The National Institutes of Health, under the National Library of Medicine’s program on data science research, has awarded a $1.55 million to an interdisciplinary team lead by Luis Rocha, a professor of informatics and the director of the NSF-NRT complex networks and systems program at the IU School of Informatics, Computing and Engineering.
The four-year project, a collaboration between SICE and the Indiana University School of Nursing, will employ innovative data- and network-science methods to produce myAURA, an easy-to-use web service for epilepsy patients.
This service will integrate practical, location- and patient-specific healthcare information with electronic health records, targeted scientific literature, biomedical databases, social media, and epilepsy-related websites with information about specialists, clinical trials, drugs, community resources, and more. The project builds on previous research conducted by Rocha’s team and funded by Persistent Systems, which extracted big data about chronic conditions and drug interactions from Twitter and Instagram.
myAURA will be based on a large-scale epilepsy knowledge graph built by integrating data from social media, electronic health records, patient discussion boards, scientific literature databases, advocacy websites, and mobile app data. The knowledge graph will, in turn, be used to fuel recommendation and visualization algorithms based on the automatic inference of relevant associations.

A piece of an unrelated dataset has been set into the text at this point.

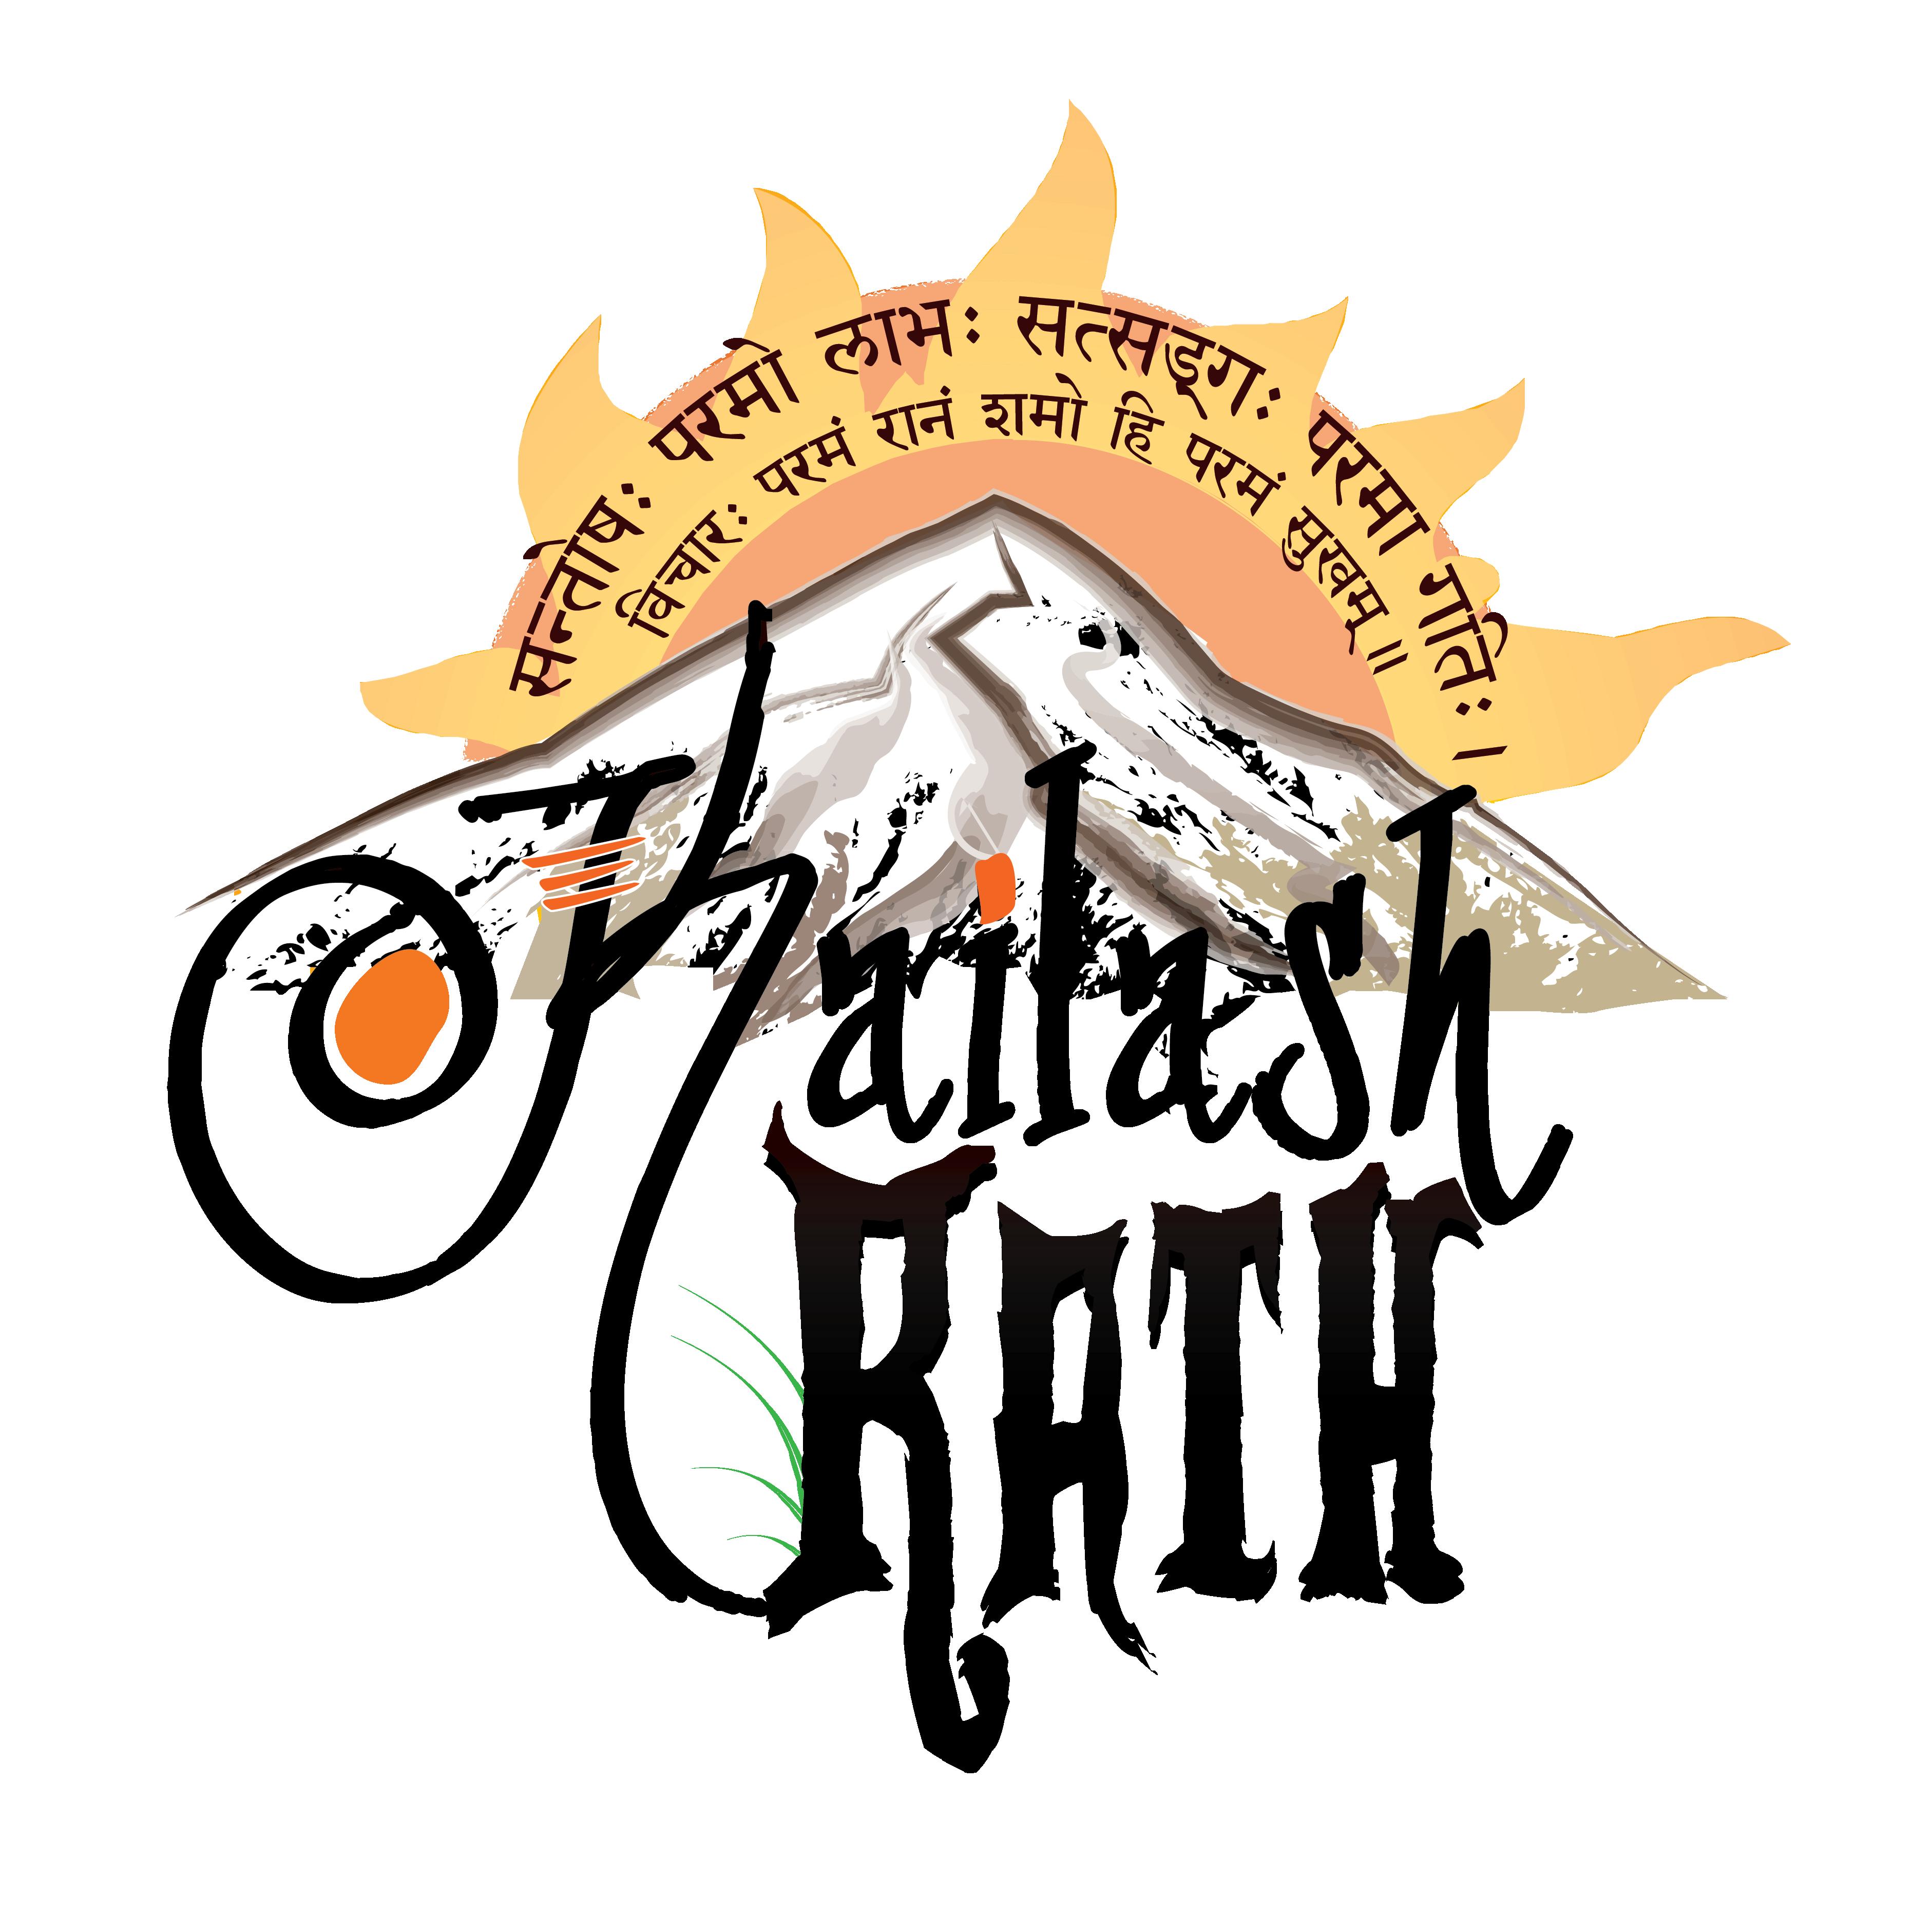 Kailash r rath eco. Hike clipart trekker

The inference will follow algorithms developed by Rocha’s team to remove redundancy and extract factual information from large knowledge graphs as well as parsimonious network visualizations developed by Katy Börner, an IU Distinguished Professor in the IU School of Informatics, Computing and Engineering.
The project will also focus on user-centered development and pilot testing of myAURA to validate if and how it improves patient activation through a series of studies lead by Wendy Miller, an assistant professor at the IU School of Nursing.
Updated information on epilepsy treatment can be difficult for patients to obtain, and the team hopes to create a novel resource for patients.